Explaining the Grand Junction system, with its enmeshed workings that include the nonprofit health insurer he heads and how it works with a series of nonprofit and charitable organizations, has become a mission that defies the physics of health care.

The Grand Junction community “is like the bumblebee — it’s not supposed to be able to fly,” ErkenBrack said.

Like the bumblebee, though, the Grand Junction model works. Just as the bumblebee’s wings operate in a helicopter-like fashion instead of birdlike flapping, the Grand Junction model works because, ErkenBrack said, “It’s a private system with an altruistic goal.”

That’s easily understood by most people, just not federal bureaucrats, ErkenBrack said.

He once briefed Washington, D.C., officials about how Rocky Mountain Health Plans checks in with patients recently released from the hospital to make sure they know have prescriptions and know how to take them, and are able to care for themselves.

The idea, of course, is to prevent expensive hospital readmissions, but it also boils down to basic care, the kind one might get from a friend or relative.

The bureaucracy was enthralled, ErkenBrack recalled, and some time afterward he got a call back from someone eager for more information.

“So, what diseases should it be for?” chirped the bureaucrat.

“It’s not about the disease,” ErkenBrack said, shaking his head. “It’s about the patient.”

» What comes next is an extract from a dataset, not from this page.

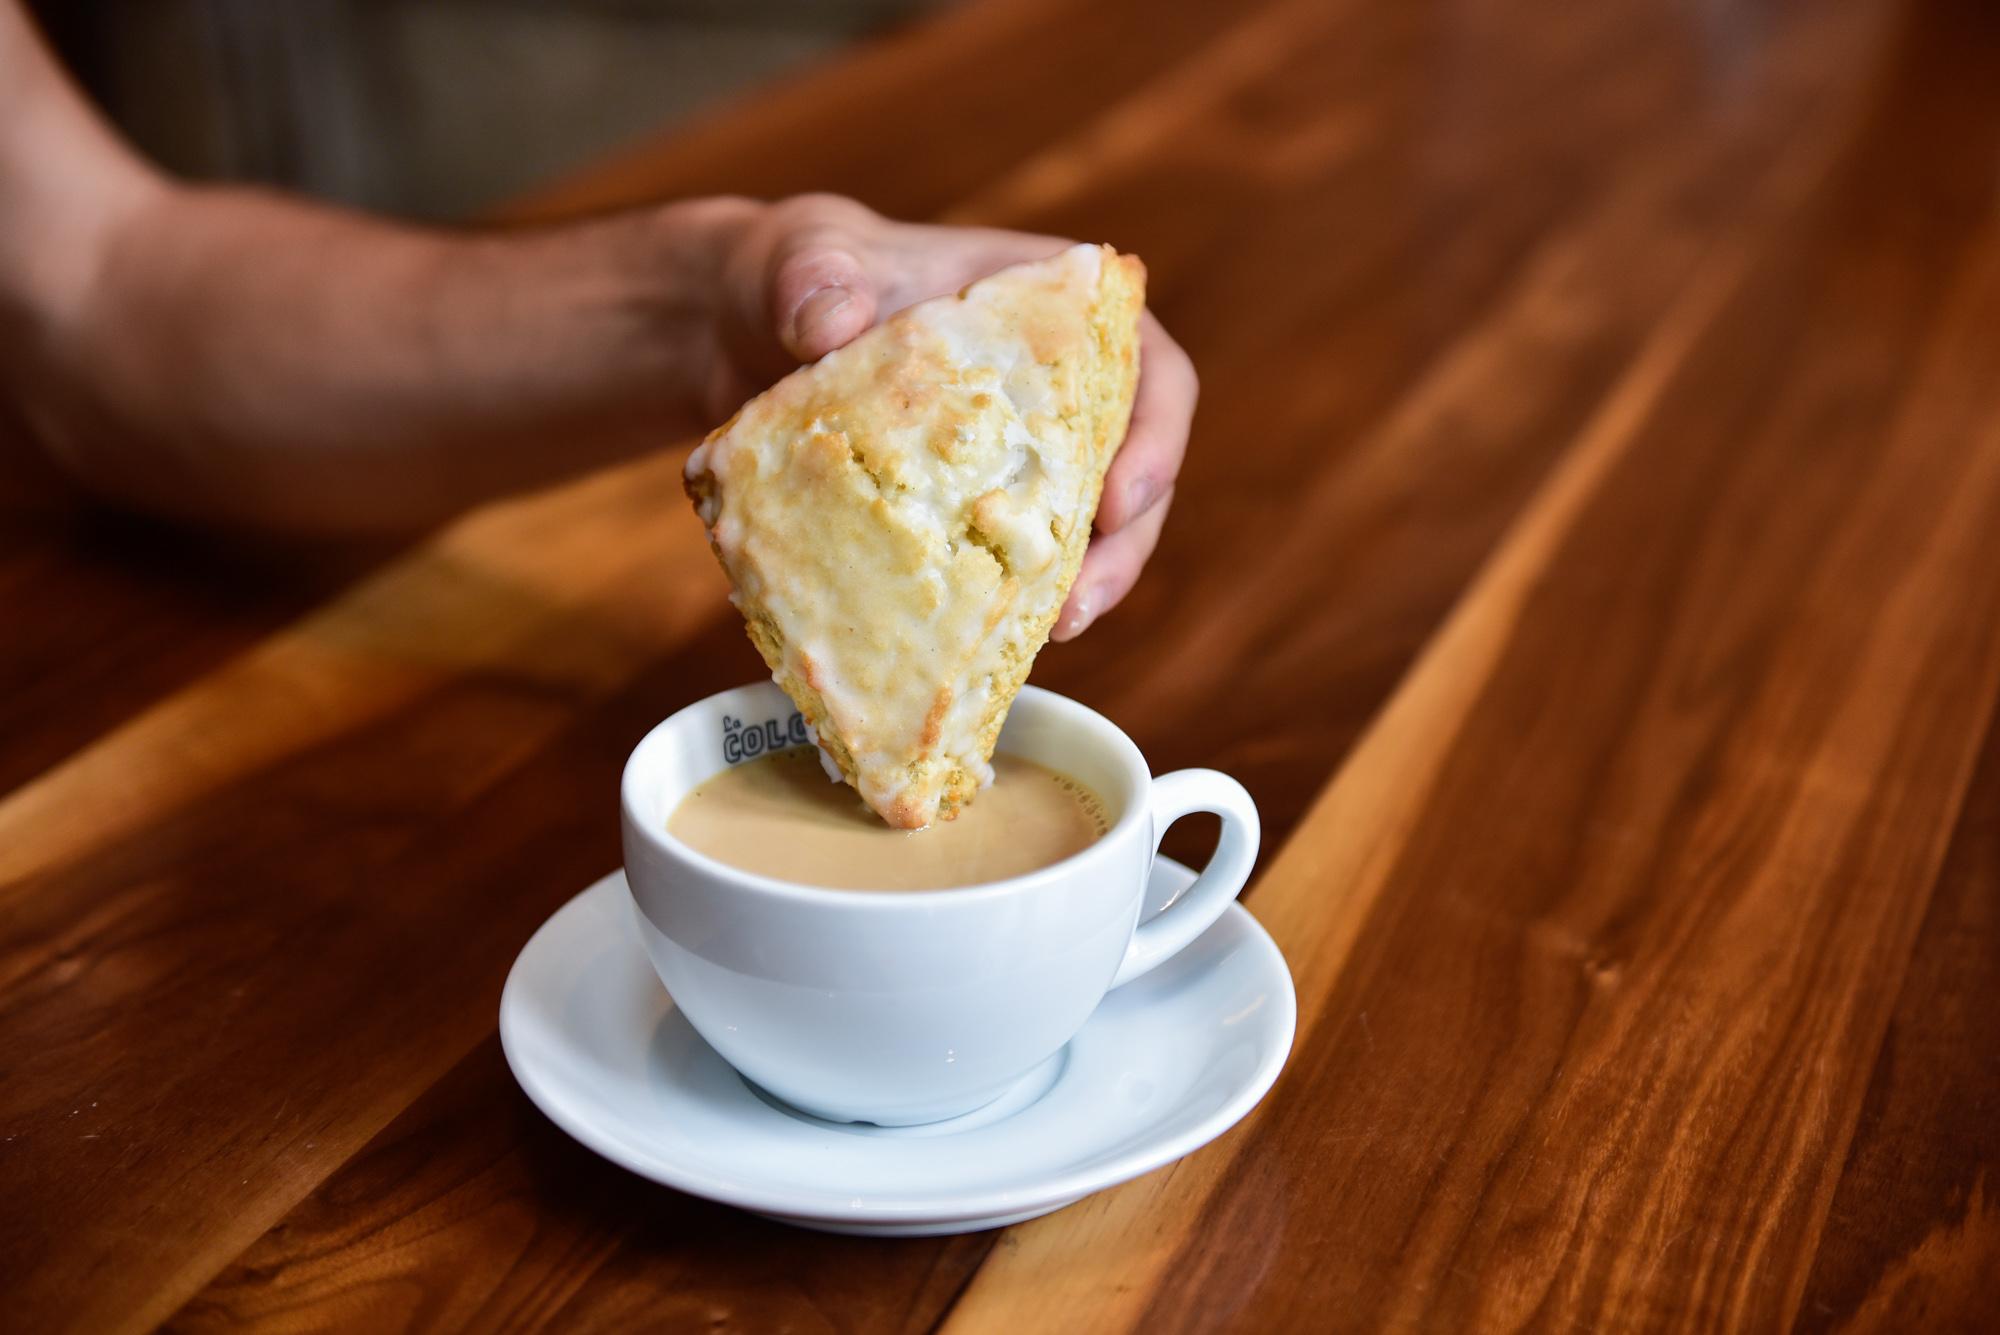 coffee lingo caf au lait the daily grind. Black Bedroom Furniture Sets. Home Design Ideas

ErkenBrack, Beckner said, “has developed a worthy vision for his life and I believe that vision is to be forever an advocate. In the DA’s office, he as an advocate for society, in private practice he was an advocate for his clients, in private life he is an advocate for his family, and as CEO of Rocky, he is an advocate for expanding and enhancing the best health care system in the country.”

So, as health care costs continue rising, straining Medicare and Medicaid budgets, and people still have the unfortunate habit of getting sick, ErkenBrack said his mission is growing.

“We’re out of money,” ErkenBrack said, thumping a table for emphasis. “We’ve got to find a way to build more efficient systems. We’re not going to do so by looking to Washington, D.C., to make decisions. We have to do it with the people in Grand Junction.”